To Know the Future
As you know, next week will see the launch of Elisha Barber, and with it, the culmination of a dream which will hopefully lead to many more. Will it be a success? The suspense is killing me! And it makes me wonder if this is one of those times that I already knew the ending.
In my article, “Spoiler Alert!” for Clarkesworld magazine, I used some recent research into how people enjoy stories, and some examples from Tolkien, to argue that readers often prefer to know the ending of a work–it’s been shown to enhance their enjoyment of reading. Prophecies, time machines, and prognosticators of various sorts are popular elements of speculative fiction. We want the stories to be twisty and unexpected, but we want the surprises to fall within a certain range or comfort. Would I rather know now if my book will hit one of the bestseller lists? What if it merely rests in the mid-list, or sinks to oblivion?
In some ways, it would be a comfort to know. Like the readers in those studies, it would take some of the pressure off, and, perhaps, allow me to enjoy the journey of arriving at that known end point. In fact, this desire to be certain of the end has been a driver of many aspects of human culture, perhaps from the start. (and you thought E. C. was giving up history in favor of blogging about writing–ha!)

Stonehenge at Dawn
Stonehenge is only one of many ritual centers constructed by early peoples around the world which contains built-in predictive inclinations based on the rising of certain stars at certain times of year. Imagine, if you will, the dark and worrisome days–and the great peace there must have been in knowing that the pattern of the stars themselves would return, that the sky, while it seemed to be changing, was, in fact, a constant. No wonder people began to name the patterns they saw and to shape stories for them, as if the stars (or, as in Peru, the dark spaces between them) were familiar creatures and old friends.
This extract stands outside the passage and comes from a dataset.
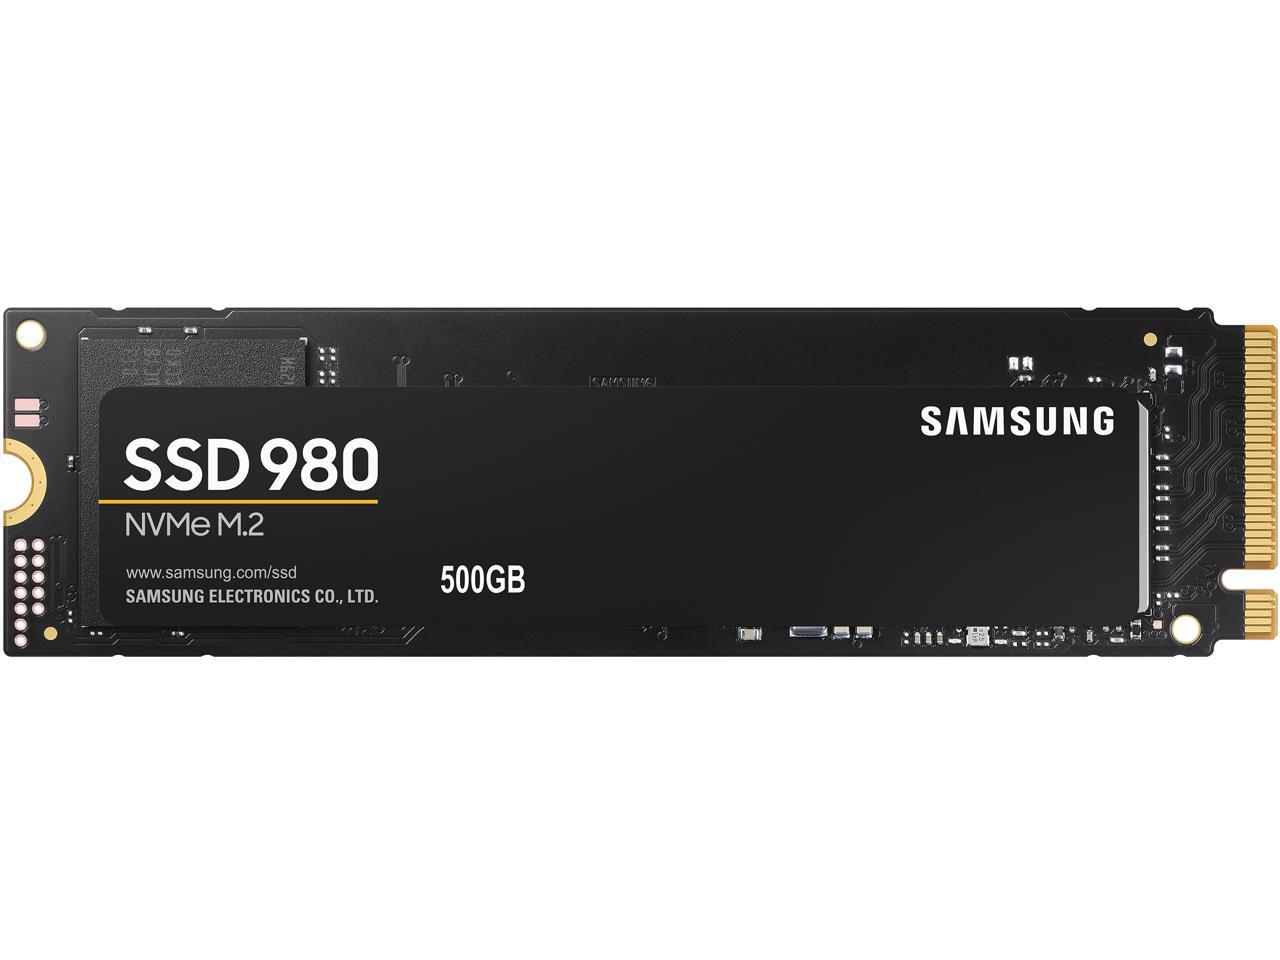 500GB Samsung 980 NVMe SSD $48

From there, it’s an easy step to imagine that these stars were placed by one or more great deities, for the deliberate use of his/her/its/their creation. We like to believe there is an order to the world around us, that, even if we don’t understand it all, there is structure and direction. Just as in my entry about finding the right ending, there is deep satisfaction in seeing the pattern we have begun fulfilled in a way that seems appropriate. It seems natural that we would postulate a writer–a creator–who has envisioned such a structure, and thus, such an end. In our holy books and stories, we imagine what the world after death is like, and are soothed by the vision, by knowing what will come.
Then we take a few steps closer, we make that ending personal. It’s no longer enough to gather at a ritual center to greet that returning star, we want to know how the star affects us, and we look for the pattern that will lead from the particular place we are, to the place we’d like–or fear–to go. Hence the medieval popes and monarchs who consulted astrologers, and the medieval physicians who explained the plague as caused by a conjunction of the planets which affected the air. Back around the turn of the first millennium CE, the Chinese created highly sophisticated astrological clocks, in large part to be able to write down the exact moment of the birth of an imperial heir, and use that information to predict his future. What would he be like? What sort of reign could he expect to face?
The desire to know the future has driven the creation of great works of architecture and engineering, the development of religions, the invention of new technologies. In fiction, it leads to the use of prophecy, the delivery of teaser readings or excerpts by the author, the creation of fan-fiction and whole websites devoted to speculating about what will come next in the series.
For millennia, humans have sought comfort in creating certainty about the future, whether it is for ourselves, our children, or our fiction. And yet, if we knew, truly knew, might we then stop searching the stars? If we knew how our dreams would end, might we not stop dreaming them?